In this disaggregated setup:
- Prefill Instance (GPU 0): Processes the prompt and generates the initial KV cache. It is optimized for TTFT)
- Decode Instance (GPU 1): Receives the KV cache and generates subsequent tokens. It is optimized for TPOT.
- LMCache: Handles the transfer of the KV cache between the two instances via the network/interconnect.
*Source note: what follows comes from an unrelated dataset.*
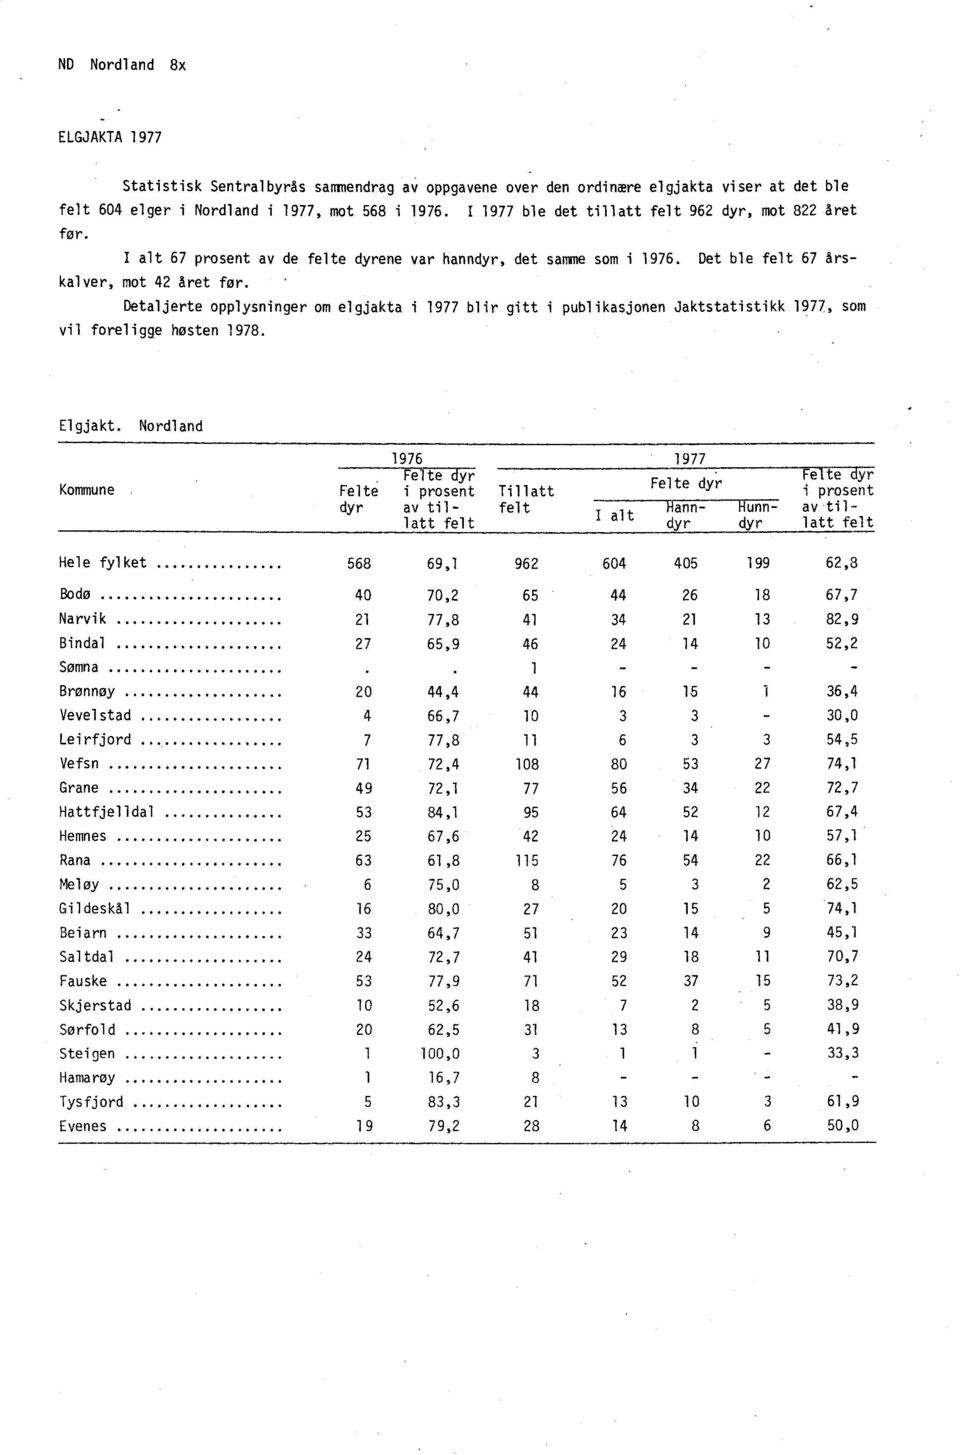 Detaljerte opplysninger om elgjakta i 1977 blir gitt i publikasjonen Jaktstatistikk 1977, som vil foreligge høsten 1978. Elgjakt.

Start the Prefill Instance (Producer) on GPU 0:
export PYTHONHASHSEED=123
export UCX_MEMTYPE_CACHE=n
UCX_TLS=cuda_ipc,cuda_copy,tcp \
LMCACHE_CONFIG_FILE=lmcache-prefiller-config.yaml \
CUDA_VISIBLE_DEVICES=0 \
vllm serve Qwen/Qwen3-4B \
--port 7100 \
--disable-log-requests \
--kv-transfer-config \
'{"kv_connector":"LMCacheConnectorV1","kv_role":"kv_producer","kv_connector_extra_config": {"discard_partial_chunks": false, "lmcache_rpc_port": "producer1"}}'
Output:
(EngineCore_DP0 pid=52898) 2026-02-15 11:51:51 NIXL INFO _api.py:363 Backend UCX was instantiated
(EngineCore_DP0 pid=52898) 2026-02-15 11:51:51 NIXL INFO _api.py:253 Initialized NIXL agent: deacb458-be89-4039-8cb1-83217ed3cd99
Start the Decode Instance (Consumer) on GPU 1:
export PYTHONHASHSEED=123
export UCX_MEMTYPE_CACHE=n
UCX_TLS=cuda_ipc,cuda_copy,tcp \
LMCACHE_CONFIG_FILE=lmcache-decoder-config.yaml \
CUDA_VISIBLE_DEVICES=1 \
vllm serve Qwen/Qwen3-4B \
--port 7200 \
--disable-log-requests \
--kv-transfer-config \
'{"kv_connector":"LMCacheConnectorV1","kv_role":"kv_consumer","kv_connector_extra_config": {"discard_partial_chunks": false, "lmcache_rpc_port": "consumer1"}}'
Output:
(EngineCore_DP0 pid=56606) 2026-02-15 11:59:24 NIXL INFO _api.py:363 Backend UCX was instantiated
(EngineCore_DP0 pid=56606) 2026-02-15 11:59:24 NIXL INFO _api.py:253 Initialized NIXL agent: a7f6b7d6-641c-47f6-8937-c530fcc4e781
Start the Disaggregation Proxy Server:
path: vllm/examples/others/lmcache/disagg_prefill_lmcache_v1/disagg_proxy_server.py at main · vllm-project/vllm · GitHub
python3 disagg_proxy_server.py \
--host localhost \
--port 9100 \
--prefiller-host localhost \
--prefiller-port 7100 \
--decoder-host localhost \
--decoder-port 7200
The following benchmarks demonstrate the performance of the disaggregated setup.
Trial #1
============ Serving Benchmark Result ============
Successful requests: 1000
Failed requests: 0
Maximum request concurrency: 100
Benchmark duration (s): 22.71
Total input tokens: 128000
Total generated tokens: 128000
Request throughput (req/s): 44.03
Output token throughput (tok/s): 5635.48
Peak output token throughput (tok/s): 8100.00
Peak concurrent requests: 200.00
Total token throughput (tok/s): 11270.96
---------------Time to First Token----------------
Mean TTFT (ms): 241.25
Median TTFT (ms): 111.67
P99 TTFT (ms): 1221.01
-----Time per Output Token (excl. 1st token)------
Mean TPOT (ms): 15.74
Median TPOT (ms): 16.27
P99 TPOT (ms): 16.82
---------------Inter-token Latency----------------
Mean ITL (ms): 15.74
Median ITL (ms): 12.71
P99 ITL (ms): 46.25
==================================================
Trial #2 Improved performance likely due to KV cache reusing
============ Serving Benchmark Result ============
Successful requests: 1000
Failed requests: 0
Maximum request concurrency: 100
Benchmark duration (s): 19.76
Total input tokens: 128000
Total generated tokens: 128000
Request throughput (req/s): 50.61
Output token throughput (tok/s): 6478.60
Peak output token throughput (tok/s): 6971.00
Peak concurrent requests: 200.00
Total token throughput (tok/s): 12957.20
---------------Time to First Token----------------
Mean TTFT (ms): 135.93
Median TTFT (ms): 65.67
P99 TTFT (ms): 815.20
-----Time per Output Token (excl. 1st token)------
Mean TPOT (ms): 14.12
Median TPOT (ms): 14.67
P99 TPOT (ms): 14.85
---------------Inter-token Latency----------------
Mean ITL (ms): 14.12
Median ITL (ms): 13.48
P99 ITL (ms): 20.82
==================================================
If LLM prefill and LLM decode are performed on different GPUs, KV cache must be physically transferred from the prefill GPU to the decode GPU. Without optimization, network latency and limited bandwidth will immediately become system bottlenecks, degrading performance.
To make this disaggregation usefull, it is highly preferable (and often necessary) to utilize NVLink and RDMA networks.